Mniejszość niemiecka obraduje na XXVIII zjeździe TSKN

Krzysztof Ogiolda
Krzysztof Ogiolda
Około stu delegatów dyskutuje w Naczęsławicach o bieżącej działalności i o przyszłości Niemców w regionie.

W pierwszej części zebrania rocznego przewodniczący zarządu TSKN Rafał Bartek podsumował miniony rok funkcjonowania mniejszości.

Bardzo dużo udało się nam zrobić - mówił. – Chcę przy tym podkreślić, że pieniądze to nie wszystko. Potrzebni są ludzie, potrzebny jest wasz entuzjazm. I on w mniejszości w naszym regionie jest. Najlepszy dowód, że do konsulatu Niemiec spływa wciąż więcej wniosków o dofinansowanie różnych projektów.

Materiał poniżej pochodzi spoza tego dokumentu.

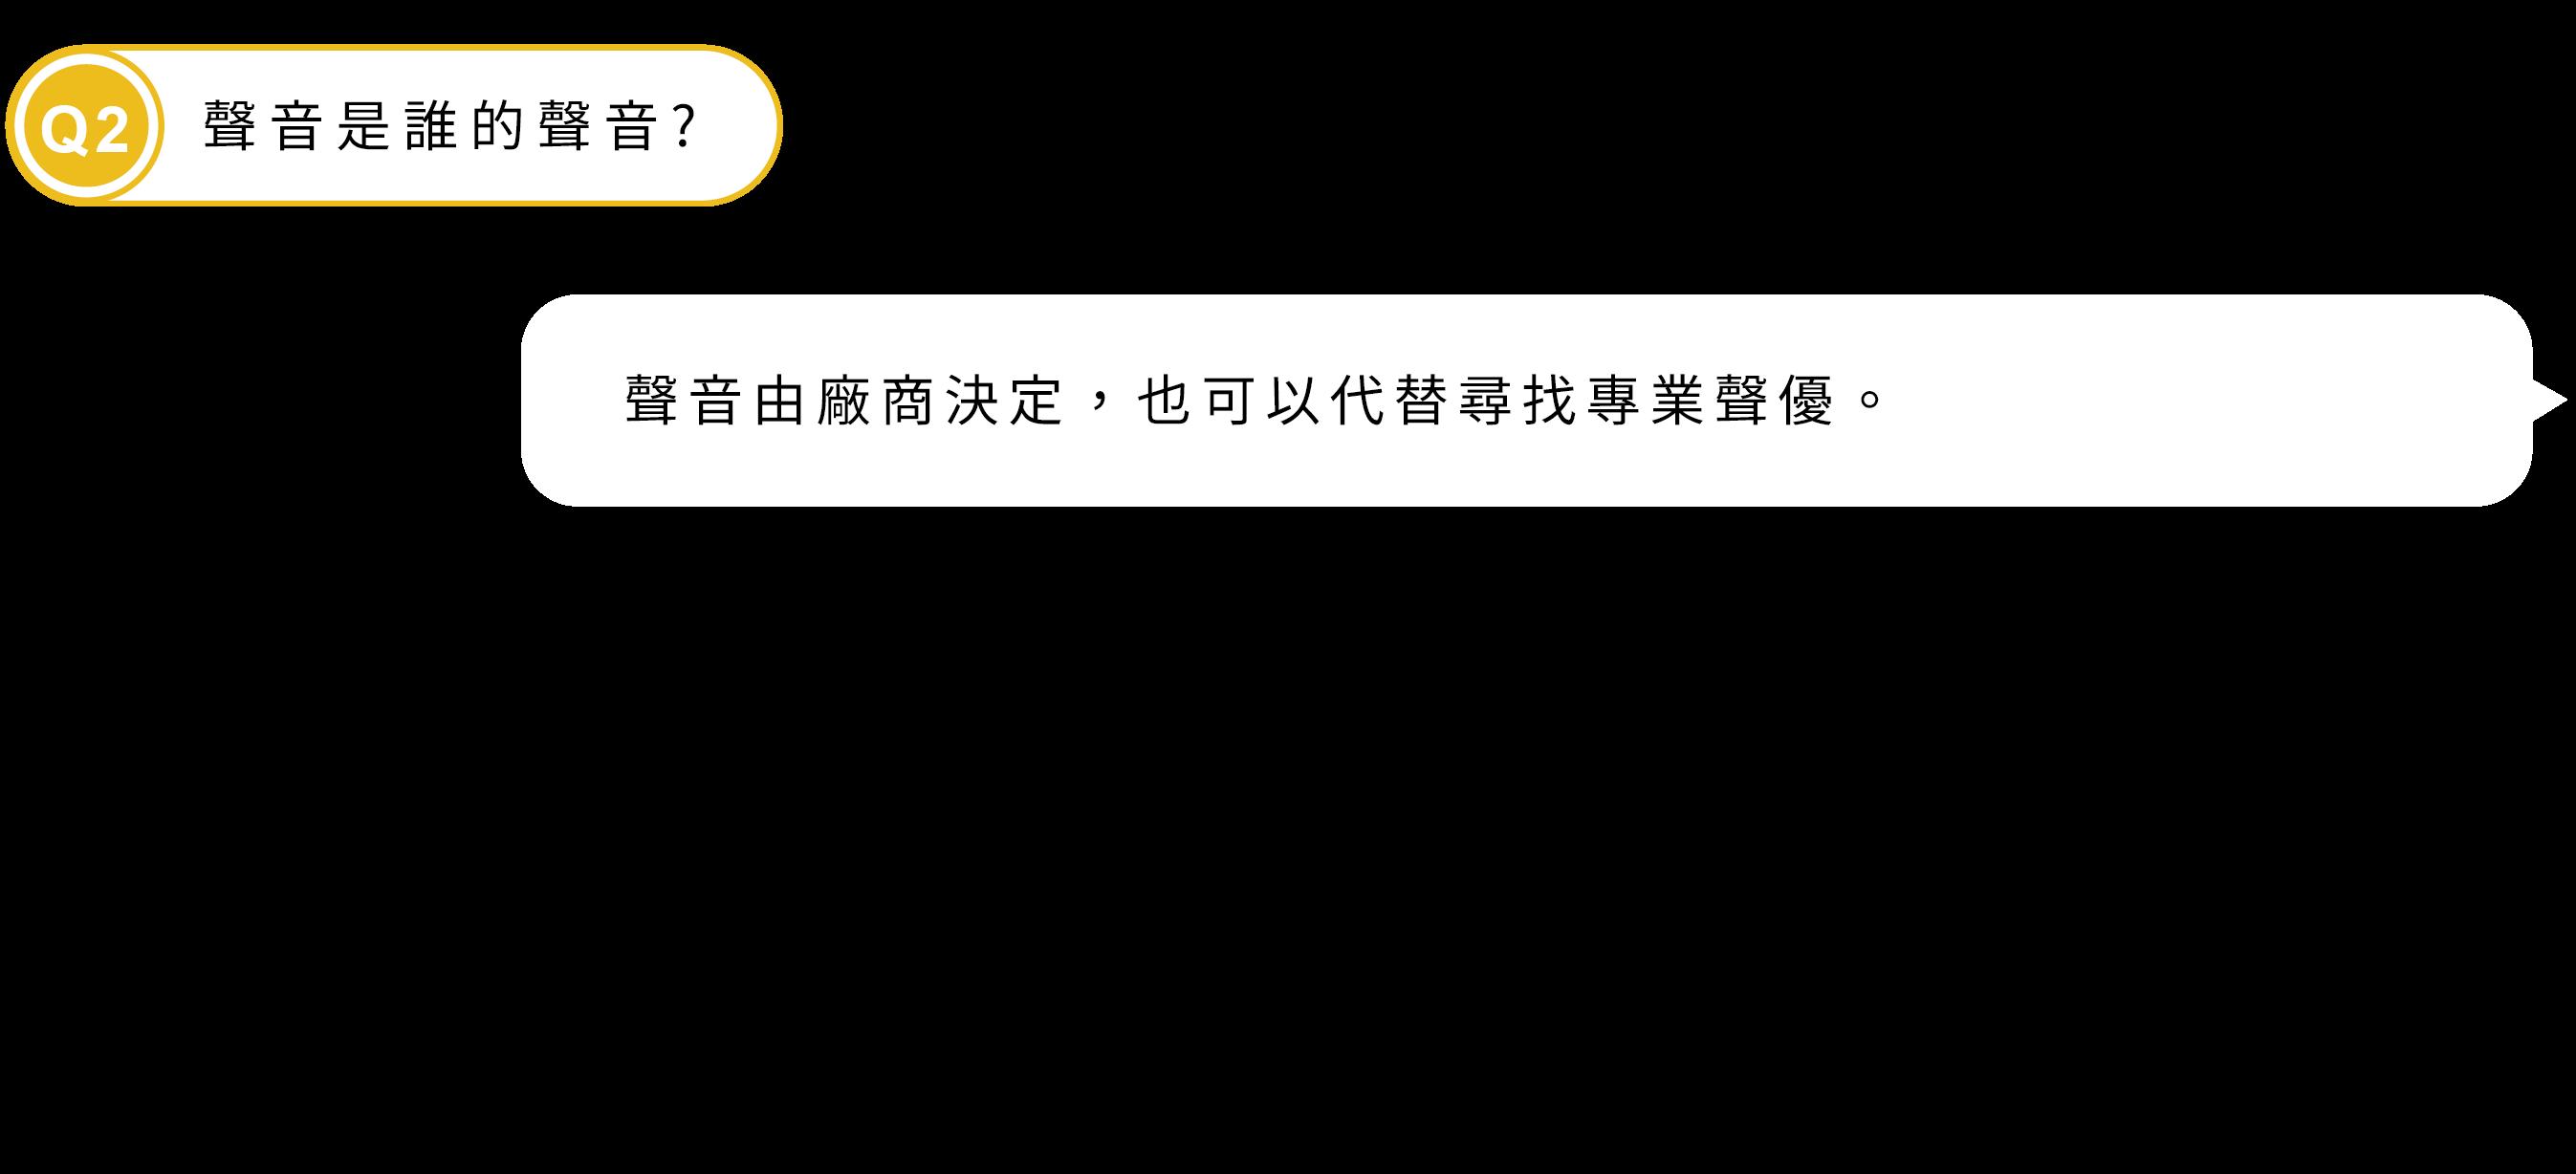 Q2-12 (2)

Na dowód Rafał Bartek przypomniał, że m.in. w ramach pracy z dziećmi i młodzieżą w 20 kołach DFK odbyły się noce bajek dla dzieci w wieku 6-9 lat. Dla 110 grup w 62 miejscowościach odbywały się kursy sobotnie – nauka niemieckiego przez zabawę. 176 dzieci uczestniczyło w jednodniowych wyjazdach do stolicy Niemiec, kolejne 40 uczestniczyło w warsztatach w Niemczech w Budziszynie i okolicach, poznając przy okazji mniejszość serbołużycką. Kilka tysięcy dzieci brało udział w różnych konkursach organizowanych przez TSKN – m.in. wiedzy o mniejszości, konkursie recytatorskim itd. Sukcesem TSKN są niemieckie szkółki piłkarskie – 21 trenerów prowadzi zajęcia dla 25 grup zawodników, którzy jednocześnie uczy się niemieckiego i korzystają z treningów.

- Wypełniamy podwójną lukę: wprowadzamy możliwość kontaktu z mniejszością i nauki języka oraz wprowadzamy ofertę sportową tam, gdzie jej nie ma – mówił Rafał Bartek.

Dla dorosłych koła DFK zorganizowały wyjazdy integracyjne (skorzystało z nich 1318 osób). Dużym zainteresowaniem cieszą się kursy języka niemieckiego prowadzone w kołach DFK (chętni zgłaszają się do Towarzystwa przez internet, a zajęcia są prowadzone właśnie tam, gdzie ci chętni są.

- Ten projekt się udał, bo trafiamy do konkretnego koła DFK. Można się uczyć u siebie, bez konieczności wyjeżdżania do Opola, do Strzelec czy Kędzierzyna-Koźla – mówił lider TSKN.

Dowodem na żywotność mniejszości może być także 170 projektów kulturalnych wspieranych przez konsulat i 377 projektów realizowanych przez DFK w ramach projektu ożywiania domów spotkań.

Drugim tematem, który mocno zaangażował delegatów była sprawa dużego Opola.

Nie sądziliśmy, że można tak zlekceważyć konsultacje społeczne, podeptać prawa mieszkańców i demokrację – mówił Rafał Bartek. - Ale nie tylko dlatego był to trudny rok. W Ministerstwie Spraw Wewnętrznych pracowali życzliwi ludzie, których znaliśmy, którzy przyjeżdżali na nasze spotkania roczne. Dziś zastąpili ich inni ludzie, najczęściej poprzednio pracujący w dziale kontroli. Nie pozostaje nam nic innego niż pokazanie, że jesteśmy solidną firmą.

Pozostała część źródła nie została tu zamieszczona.